*** Opening DATA ***
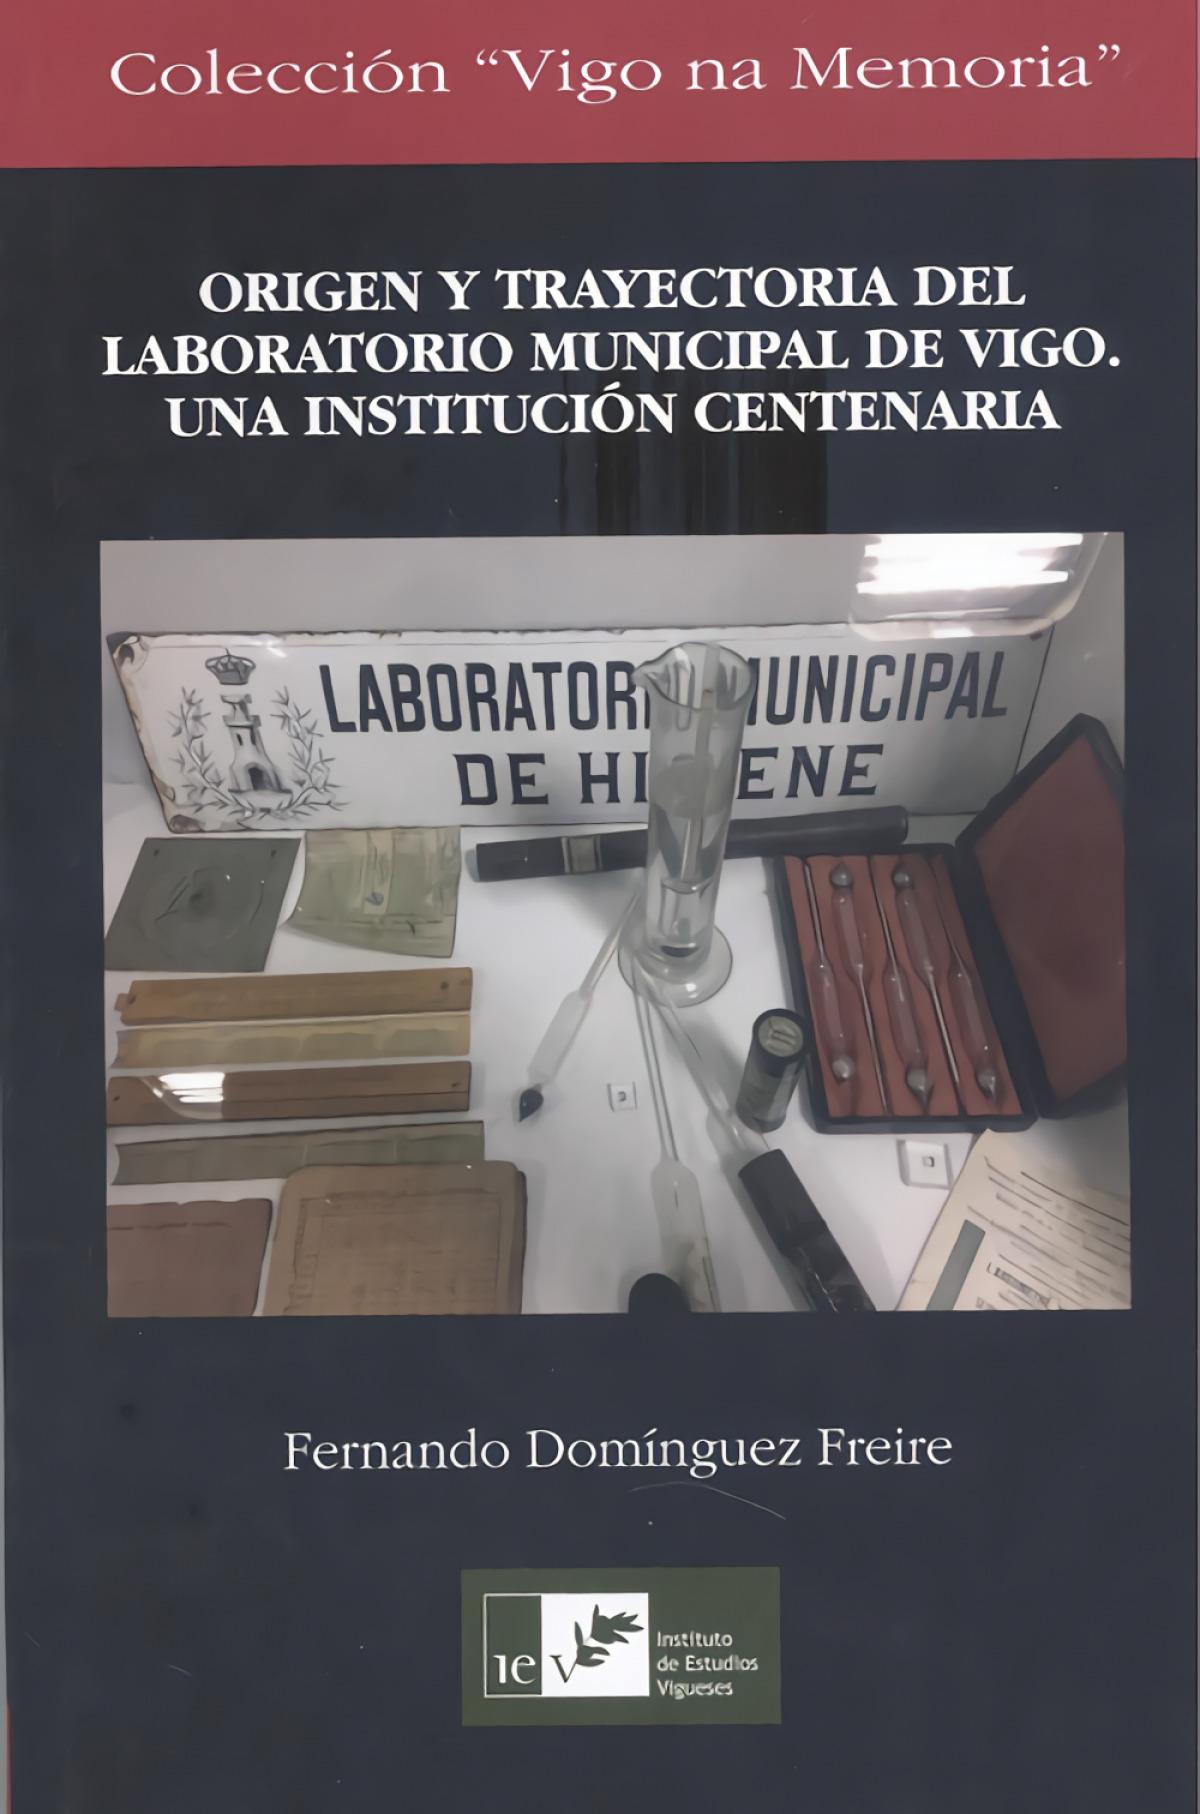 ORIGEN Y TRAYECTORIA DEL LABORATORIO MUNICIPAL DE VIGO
*** Closing DATA ***
*** Opening DATA ***
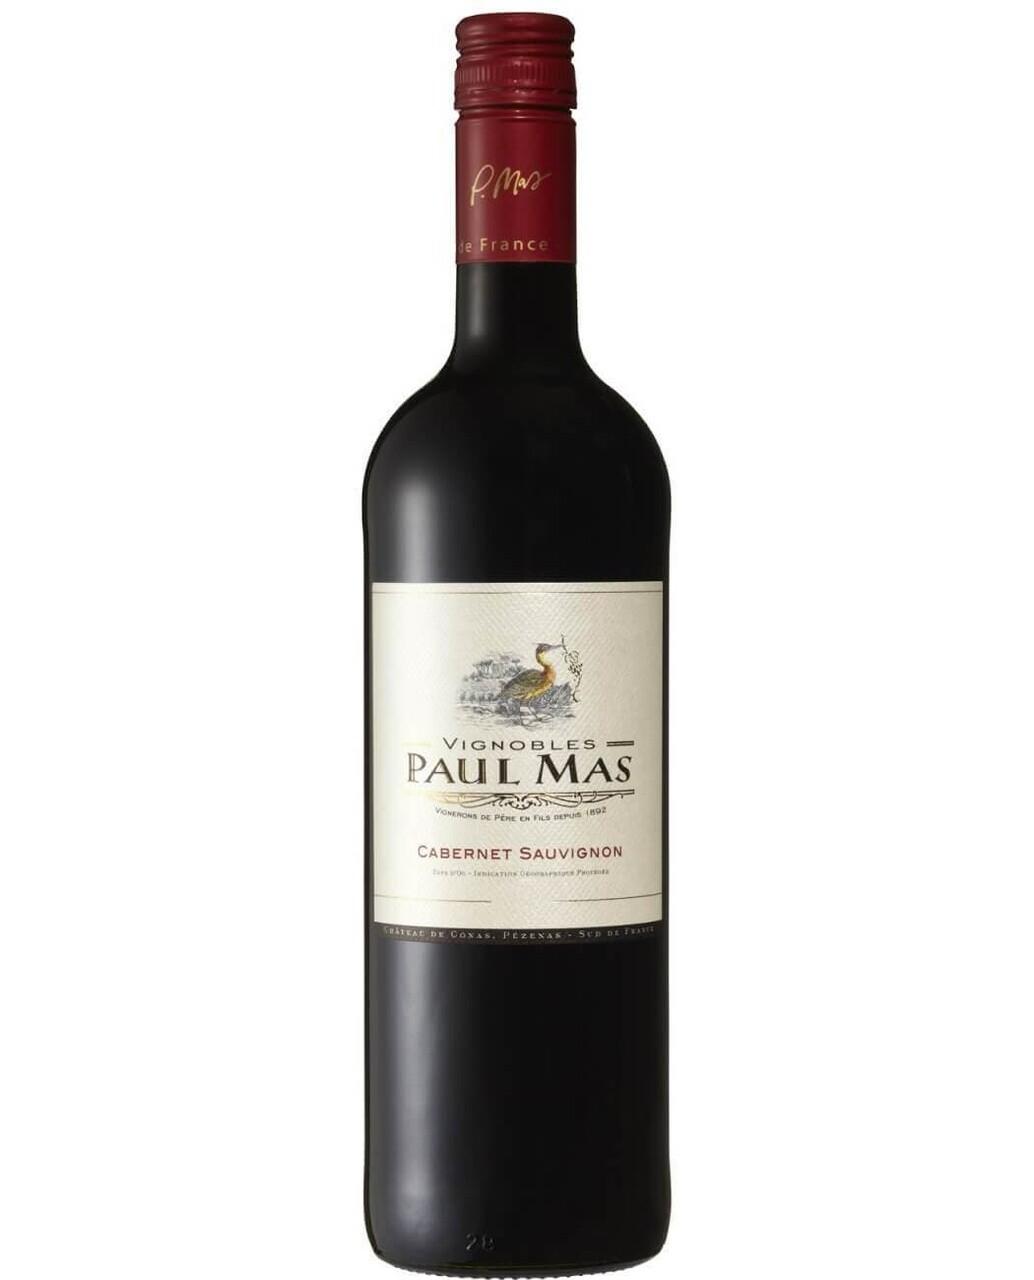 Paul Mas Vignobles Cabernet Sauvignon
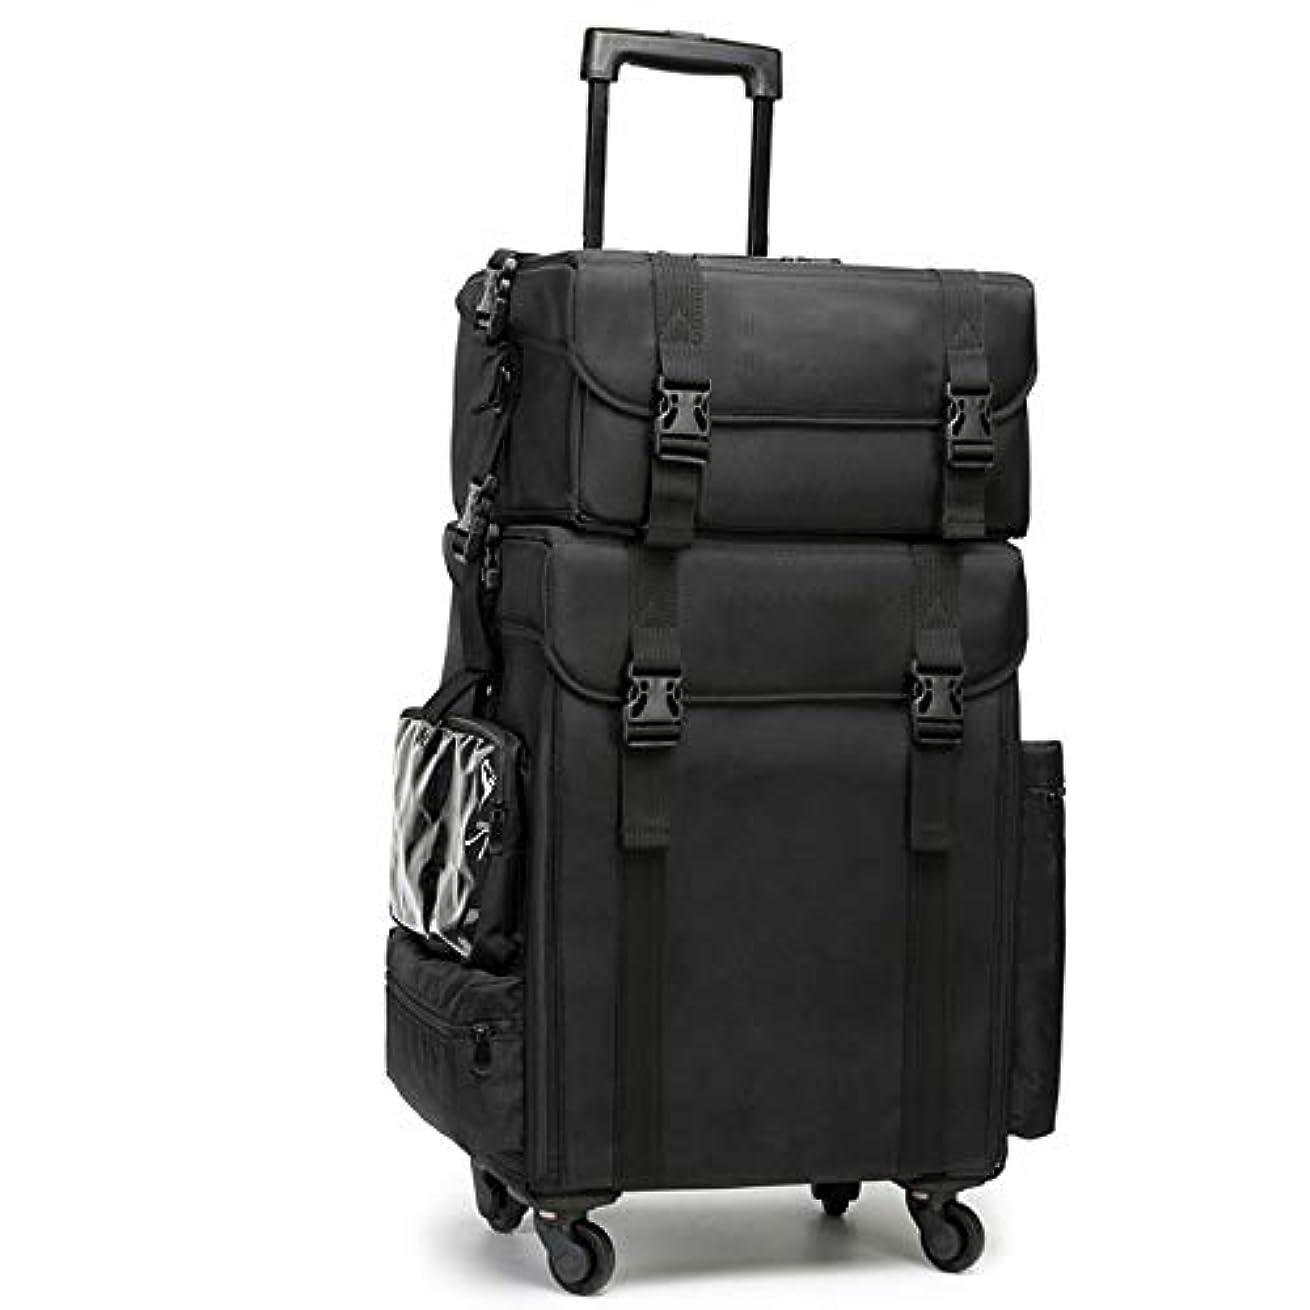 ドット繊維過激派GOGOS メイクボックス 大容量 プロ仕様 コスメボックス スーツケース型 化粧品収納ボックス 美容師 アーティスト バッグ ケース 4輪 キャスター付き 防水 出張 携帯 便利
*** Closing DATA ***
TASK DIRECTIONS – Going by the entries above, repeat exactly the lines that start at the line with "Paul Mas Vignobles Cabernet Sauvignon" and go on through the line with "ドット繊維過激派GOGOS メイクボックス 大容量". Pictures are not part of the copy.

YOUR RESPONSE –
 Paul Mas Vignobles Cabernet Sauvignon
 ドット繊維過激派GOGOS メイクボックス 大容量 プロ仕様 コスメボックス スーツケース型 化粧品収納ボックス 美容師 アーティスト バッグ ケース 4輪 キャスター付き 防水 出張 携帯 便利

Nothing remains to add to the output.